Reliability and performance tests
Runnable example of stress test
1 min
Script and how to run
The following script, executed with tool k6 , simulates a basic stress test:
import http from 'k6/http';
import { sleep } from 'k6';
export const options = {
stages: [
{ duration: '20s', target: 75 },
{ duration: '3m', target: 75 },
{ duration: '20s', target: 0 },
],
thresholds: {
http_req_failed: ['rate<0.01'],
http_req_duration: ['p(95)<1000'],
},
};
export default function () {
const url = 'https://quickpizza.grafana.com';
http.get(`${url}/contacts.php`);
sleep(1);
http.get(`${url}/news.php`);
sleep(1);
}
Install tool k6 and download script.js , then run it locally with:
k6 run script.js
Analysis
After being run k6 produces result .
Info
To better understand the terms in testing and tool k6 see vocabulary.
Test summary
Stress profile:
- Up to 75 virtual users (VUs).
- 3 stages over 3m40s, followed by a 30s graceful ramp-down.
- Total duration: ~4m10s (including graceful stops).
6,656 iterations completed.
Observed behavior
- The system successfully handled up to 75 concurrent VUs.
- No request failures (http_req_failed=0,00%).
- Response times stayed well below defined thresholds throughout the test.
Metrics highlights
Requests: 13,312 total (approx. 60 requests/sec).
Response time:
- Average: 131,23ms
- Median: 130,51ms
- 95th percentile (p95): 140,19ms (well below 1000ms threshold).
Iteration duration:
- Average: 2,26s
- 95th percentile: 2,29s.
Data transferred
- Total received: 20 MB (~89 kB/sec).
- Total sent: 2,1 MB (~9,5 kB/sec).
Overall analysis
The service maintained stable performance under gradually increasing load, peaking at 75 VUs without degradation or failures.
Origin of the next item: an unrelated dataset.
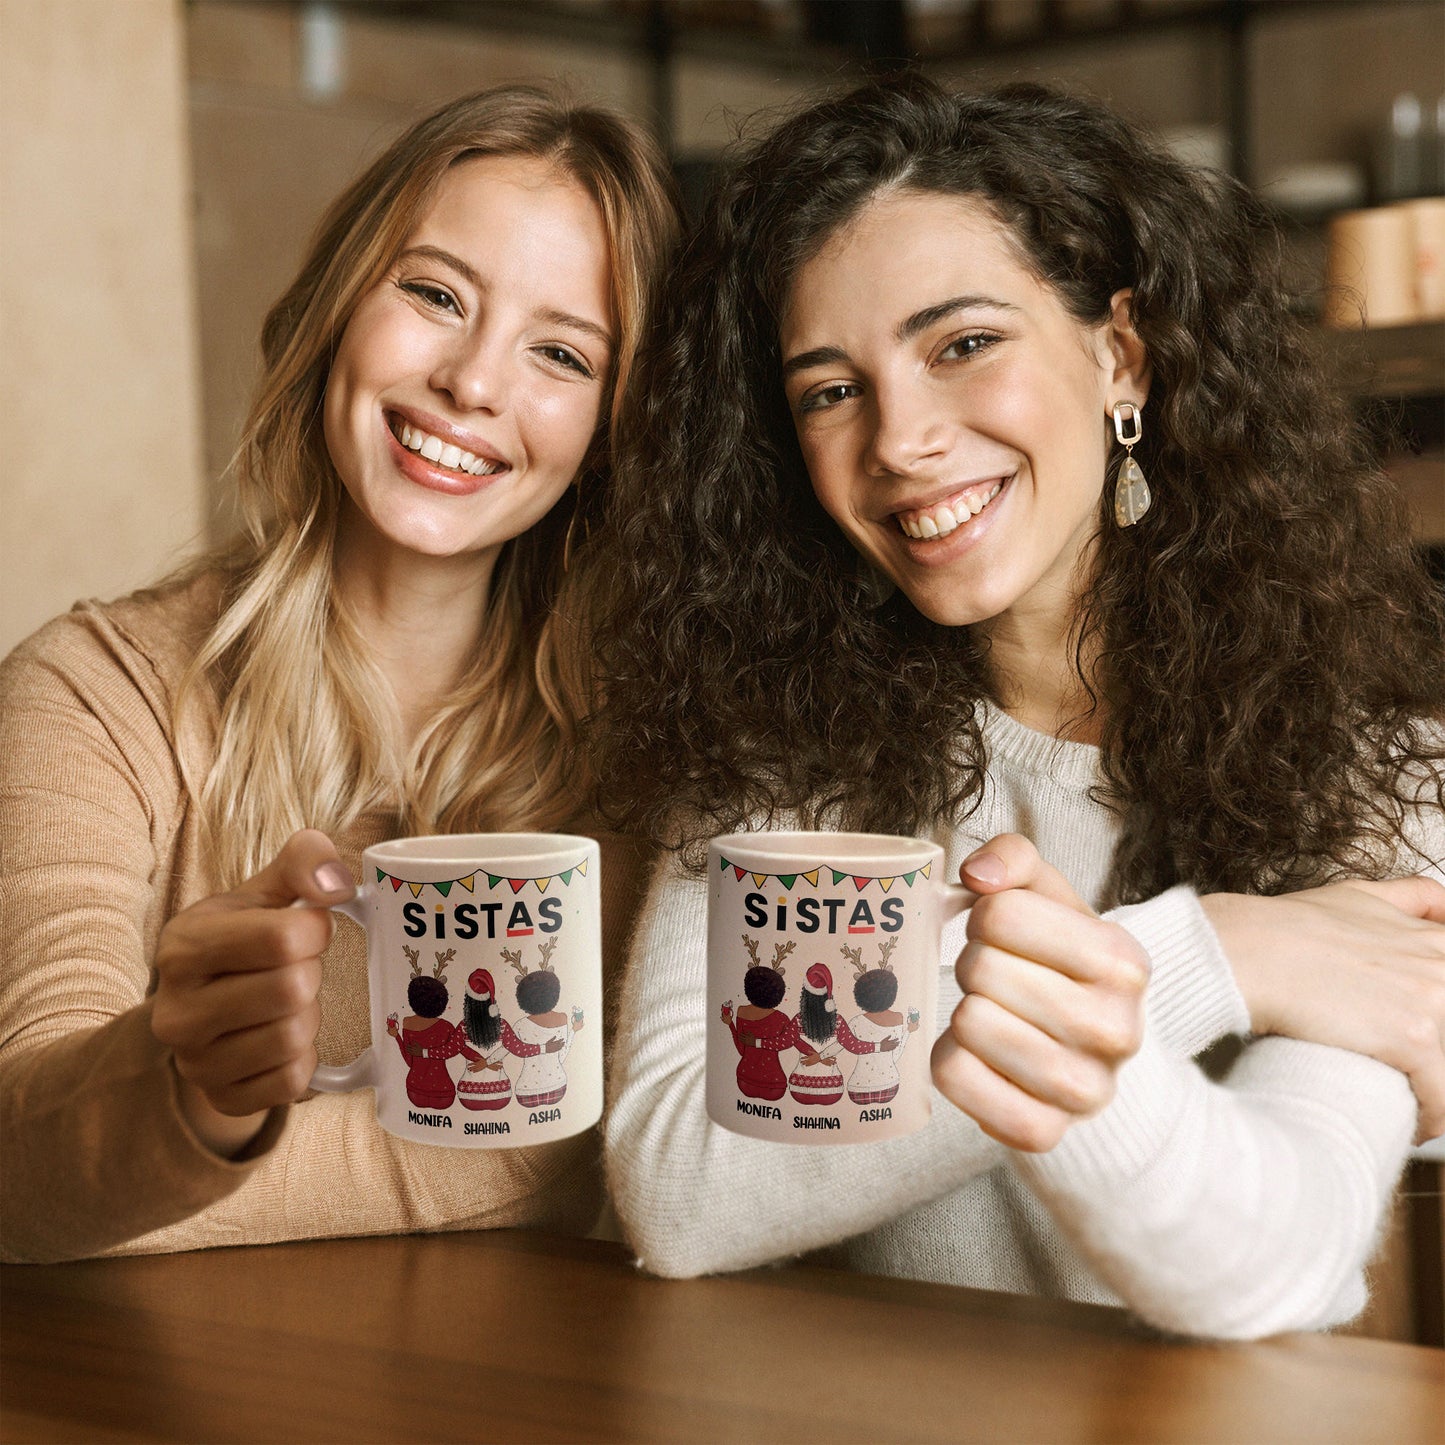 Sistas Soul Sisters - Personalized Mug - Christmas Gift For Sister

Response times remained consistent and comfortably under threshold targets, indicating solid scalability.
Suggestions and takeaways
- The system handled the stress conditions without performance issues.
- Further testing could explore higher VU limits or longer sustained periods to find actual system limits.
- Monitoring backend resource utilization (CPU, memory, DB load) during the test would provide deeper insight into system bottlenecks.